Fluorescent image acquisition and processing using Axiovert 200M microscope and ImageJ software

Insert the cell culture plate in the microscope holder, and set chamber parameters: T 37°C and CO2 5%.

Using X20 magnification chose 20 random fields;

Set exposition of the fluorescent channel to have a sharp image of microglia bodies and branches;

Records the live fluorescent microglia for 2 h taking a picture every 5 min.

Save the recorded file as a “.zvi”.

Open ".zvi" file with Fiji software as hyperstack and tick the “split channel” option;

close the bright field channel and start to elaborate the fluorescent channel (microglia);

subtract the background using “Process › Subtract Background”(identifier: legacy:ij.plugin.filter.BackgroundSubtracter);

defined threshold (foreground) that corresponds to green fluorescent objects using “Image › Adjust › Threshold” (identifier: legacy:ij.plugin.frame.ThresholdAdjuster). Keep the threshold consistent between acquisitions;

apply despeckle function “Process › Noise › Despeckle” (identifier:legacy:ij.plugin.filter.RankFilters("despeckle"));

apply smoothing function “Process › Smooth” (identifier: legacy:ij.plugin.filter.Filters("smooth"));

set the measurement: “Analyze › Set Measurements” (identifier: legacy:ij.plugin.filter.Analyzer("set")), and tick “Area”, “Center of Mass”, “Feret’s Diameter” and “Shape Descriptors”;

for each microglia select the area that contains the microglia in each time-frames using “Edit › Options › Roi Defaults” (identifier:legacy:ij.gui.RoiDefaultsDialog);

run analyze particles “Analyze › Analyze Particles” (identifier:legacy:ij.plugin.filter.ParticleAnalyzer), set size (micron^2):130-infinity, circularity: 0.00-1.00; tick “display results”;

process “all images”;

copy the data in an Excell file;

repeat the steps from 13 to 16 for each microglia.

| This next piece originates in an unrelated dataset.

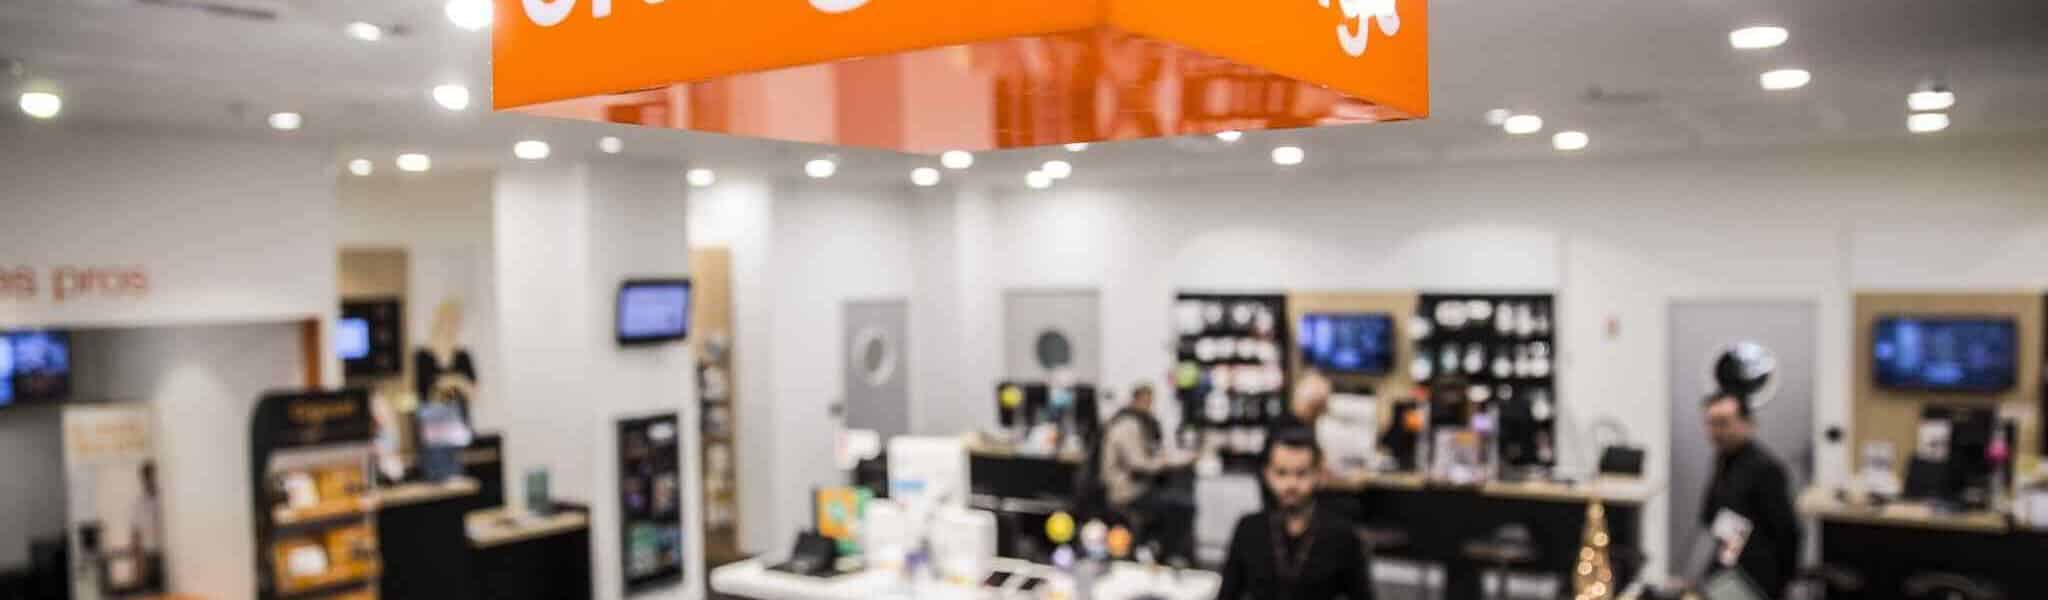 Orange Bank : des avancées sur son avenir ?

Among the "Shape Descriptors", keep the values of “Area”, “Solidity”, “FeretAngle”, “XM” and “YM”;

to calculate the distance covered by the cell during the time-lapse use the coordinates of the center of mass and sum the distance covered in each time frame assuming that the distance between frames corresponds to the cathetus of a right triangle made by X-axis and Y-axis displacement;

to calculate the rotation sum the “FeretAngle” taking into account that it is the angle among Ferret’s diameter and parallel line to the cell contour only on x-axis;

calculate the median and the CV% of "Solidity" and "Area";

to perform the cluster analysis use each parameter obtained from the analysis; use the values of the vehicle and treated cells and identify the median parameter for the experiment;

use the identified median as a threshold to cluster the cells in two groups (over or under the median);

combine two parameters to generate four different clusters.